Every One Of These Parks, Great And Small, Is
A Garden Filled Knee-Deep With Fresh, Lovely Flowers Of Every Hue, The
Most Luxuriant And The Most Extravagantly Beautiful Of All The Alpine
Gardens I Ever Beheld In All My Mountain-Top Wanderings.
We arrived at the Cloud Camp at noon, but no clouds were in sight,
save a few gauzy ornamental wreaths adrift in the sunshine.
Out of
the forest at last there stood the mountain, wholly unveiled, awful in
bulk and majesty, filling all the view like a separate, new-born
world, yet withal so fine and so beautiful it might well fire the
dullest observer to desperate enthusiasm. Long we gazed in silent
admiration, buried in tall daisies and anemones by the side of a
snowbank. Higher we could not go with the animals and find food for
them and wood for our own campfires, for just beyond this lies the
region of ice, with only here and there an open spot on the ridges in
the midst of the ice, with dwarf alpine plants, such as saxifrages and
drabas, which reach far up between the glaciers, and low mats of the
beautiful bryanthus, while back of us were the gardens and abundance
of everything that heart could wish. Here we lay all the afternoon,
considering the lilies and the lines of the mountains with reference
to a way to the summit.
At noon next day we left camp and began our long climb. We were in
light marching order, save one who pluckily determined to carry his
camera to the summit. At night, after a long easy climb over wide and
smooth fields of ice, we reached a narrow ridge, at an elevation of
about ten thousand feet above the sea, on the divide between the
glaciers of the Nisqually and the Cowlitz. Here we lay as best we
could, waiting for another day, without fire of course, as we were now
many miles beyond the timberline and without much to cover us. After
eating a little hardtack, each of us leveled a spot to lie on among
lava-blocks and cinders. The night was cold, and the wind coming down
upon us in stormy surges drove gritty ashes and fragments of pumice
about our ears while chilling to the bone. Very short and shallow was
our sleep that night; but day dawned at last, early rising was easy,
and there was nothing about breakfast to cause any delay. About four
o'clock we were off, and climbing began in earnest. We followed up
the ridge on which we had spent the night, now along its crest, now on
either side, or on the ice leaning against it, until we came to where
it becomes massive and precipitous. Then we were compelled to crawl
along a seam or narrow shelf, on its face, which we traced to its
termination in the base of the great ice cap. From this point all the
climbing was over ice, which was here desperately steep but
fortunately was at the same time carved into innumerable spikes and
pillars which afforded good footholds, and we crawled cautiously on,
warm with ambition and exercise.
At length, after gaining the upper extreme of our guiding ridge, we
found a good place to rest and prepare ourselves to scale the
dangerous upper curves of the dome. The surface almost everywhere was
bare, hard, snowless ice, extremely slippery; and, though smooth in
general, it was interrupted by a network of yawning crevasses,
outspread like lines of defense against any attempt to win the summit.
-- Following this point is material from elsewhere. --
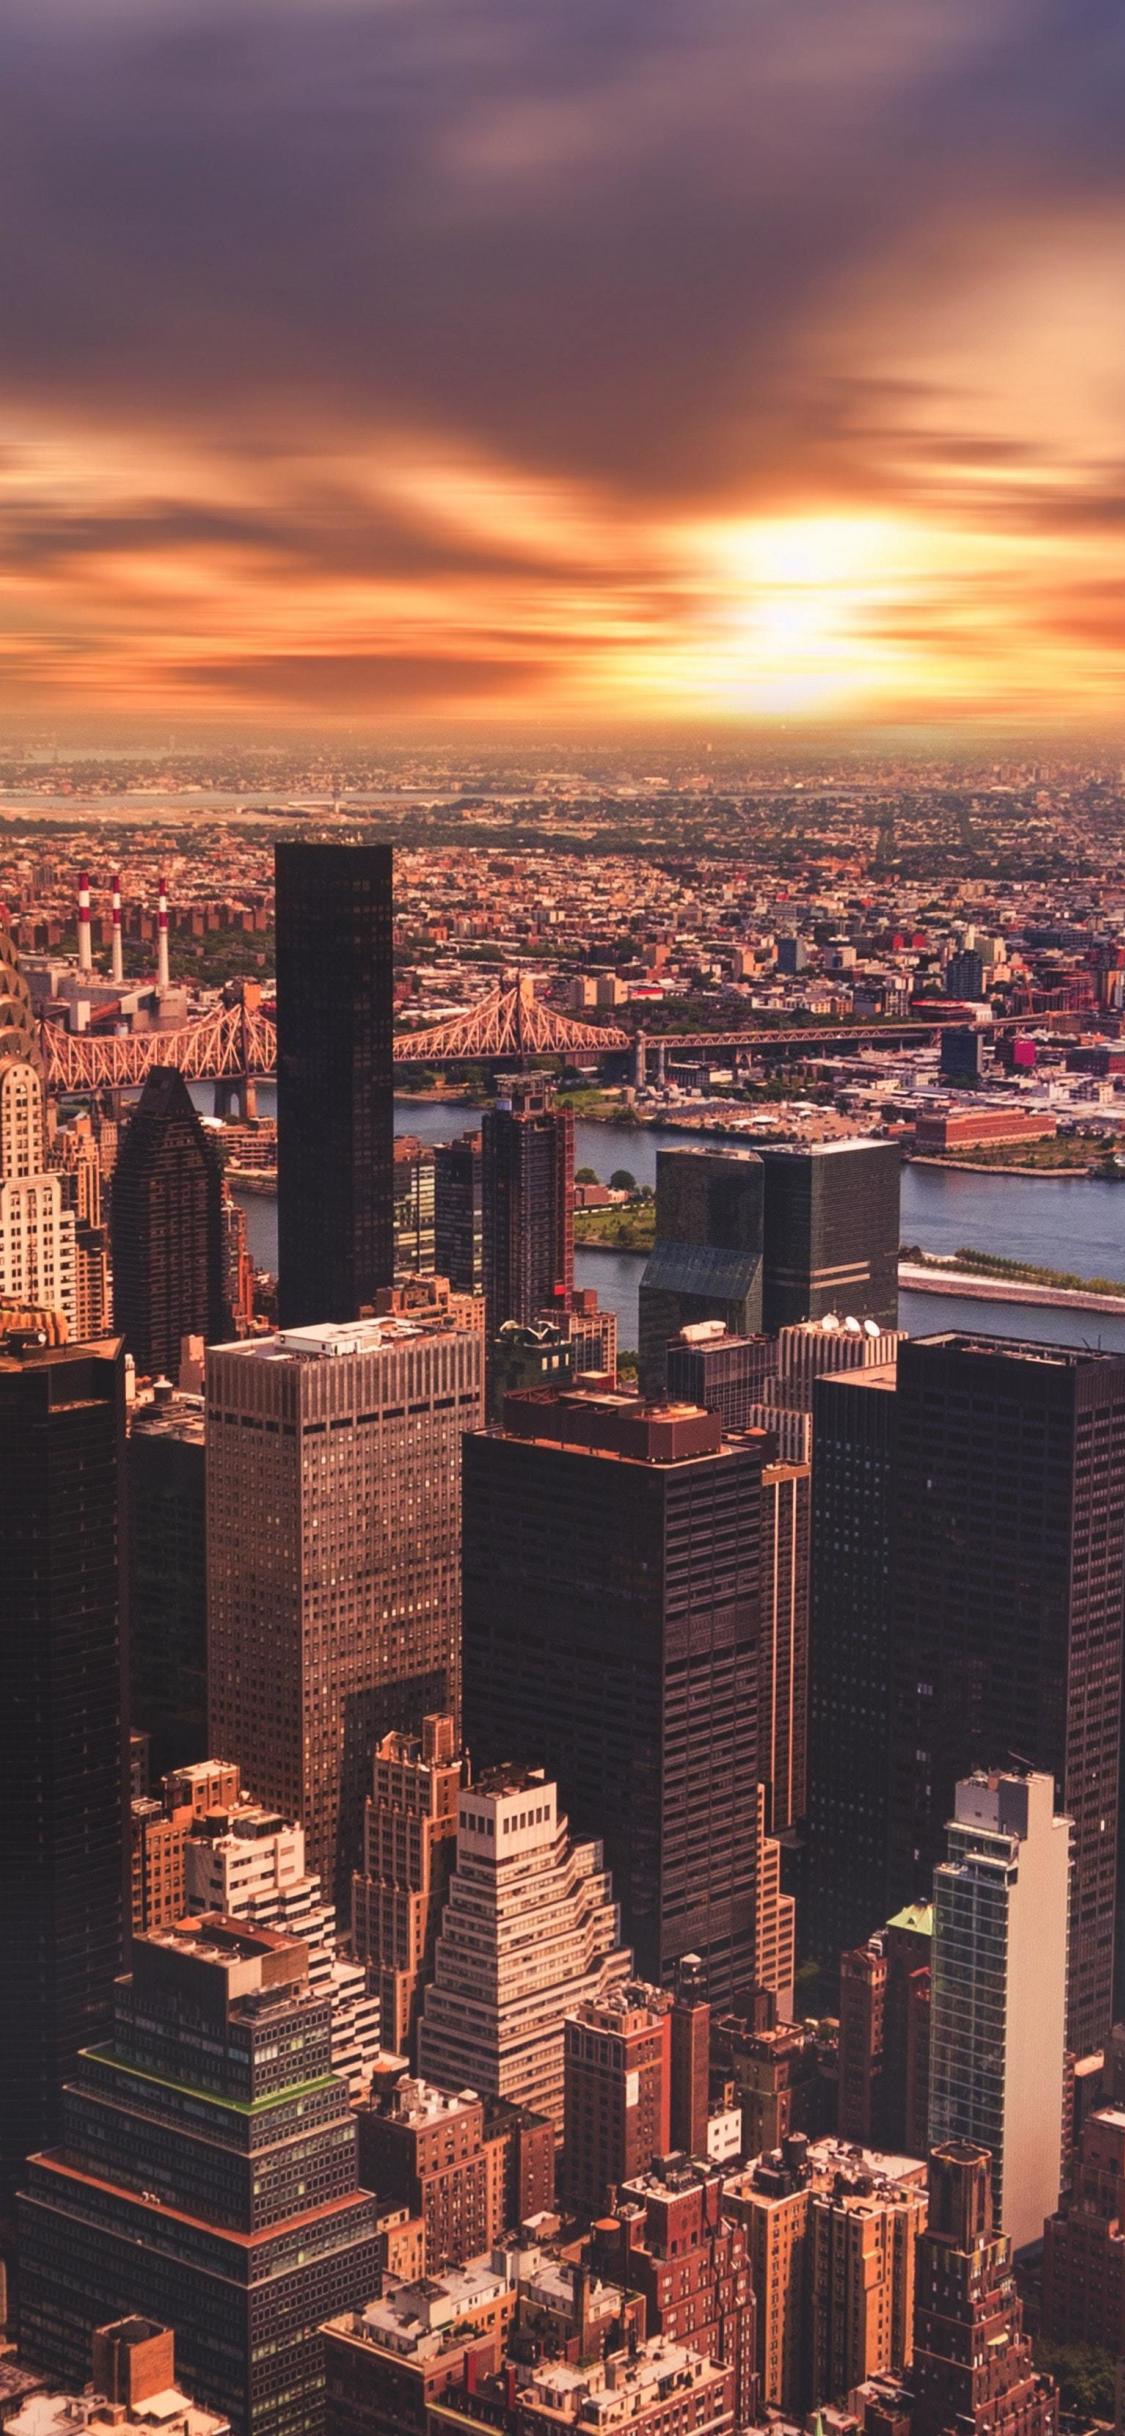 Download 1125x2436 Wallpaper New York Skysrapers Cityscape Sunset

Here every one of the party took off his shoes and drove stout steel
caulks about half an inch long into them, having brought tools along
for the purpose, and not having made use of them until now so that the
points might not get dulled on the rocks ere the smooth, dangerous ice
was reached. Besides being well shod each carried an alpenstock, and
for special difficulties we had a hundred feet of rope and an axe,
Thus prepared, we stepped forth afresh, slowly groping our way through
tangled lines of crevasses, crossing on snow bridges here and there
after cautiously testing them, jumping at narrow places, or crawling
around the ends of the largest, bracing well at every point with our
alpenstocks and setting our spiked shoes squarely down on the
dangerous slopes. It was nerve-trying work, most of it, but we made
good speed nevertheless, and by noon all stood together on the utmost
summit, save one who, his strength failing for a time, came up later.
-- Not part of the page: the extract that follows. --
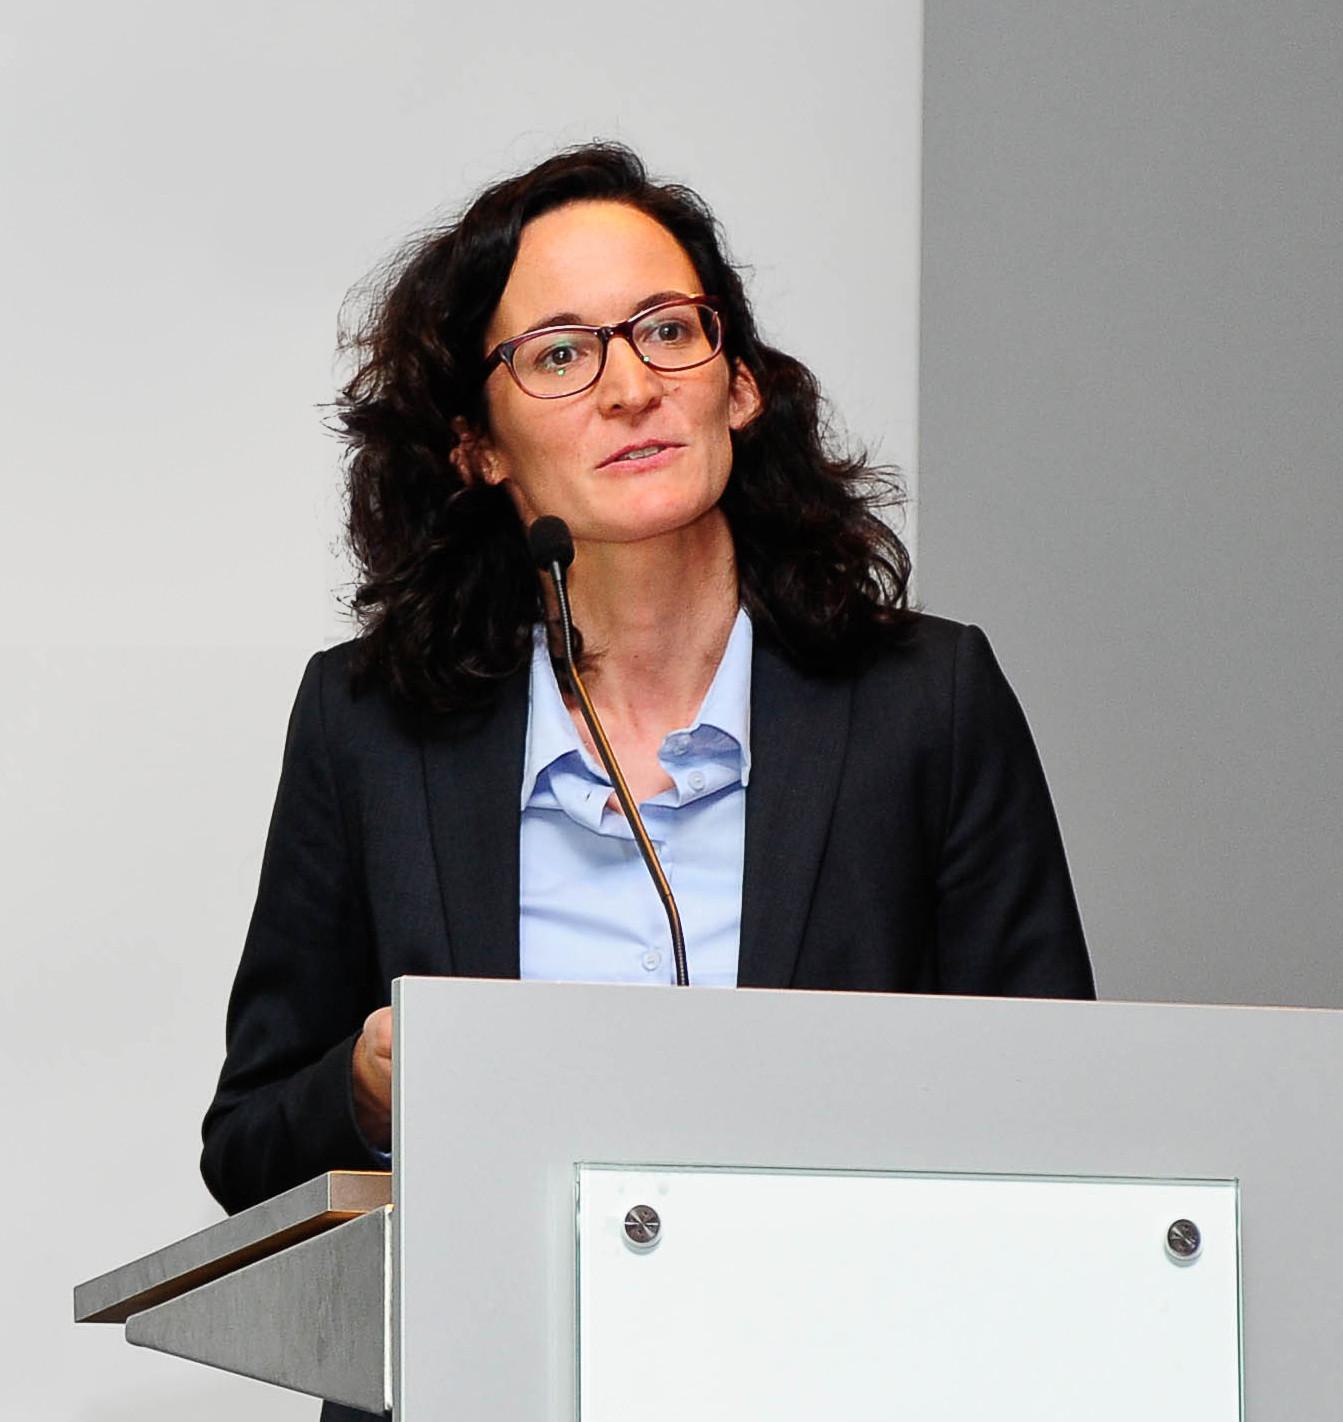 Werthmann named as new DOSB head of communications

We remained on the summit nearly two hours, looking about us at the
vast maplike views, comprehending hundreds of miles of the Cascade
Range, with their black interminable forests and white volcanic cones
in glorious array reaching far into Oregon; the Sound region also, and
the great plains of eastern Washington, hazy and vague in the
distance. Clouds began to gather. Soon of all the land only the
summits of the mountains, St. Helen's, Adams, and Hood, were left in
sight, forming islands in the sky. We found two well-formed and well-preserved craters on the summit, lying close together like two plates
on a table with their rims touching. The highest point of the
mountain is located between the craters, where their edges come in
contact. Sulphurous fumes and steam issue from several vents, giving
out a sickening smell that can be detected at a considerable distance.
The unwasted condition of these craters, and, indeed, to a great
extent, of the entire mountain, would tend to show that Rainier is
still a comparatively young mountain. With the exception of the
projecting lips of the craters and the top of a subordinate summit a
short distance to the northward, the mountains is solidly capped with
ice all around; and it is this ice cap which forms the grand central
fountain whence all the twenty glaciers of Rainier flow, radiating in
every direction.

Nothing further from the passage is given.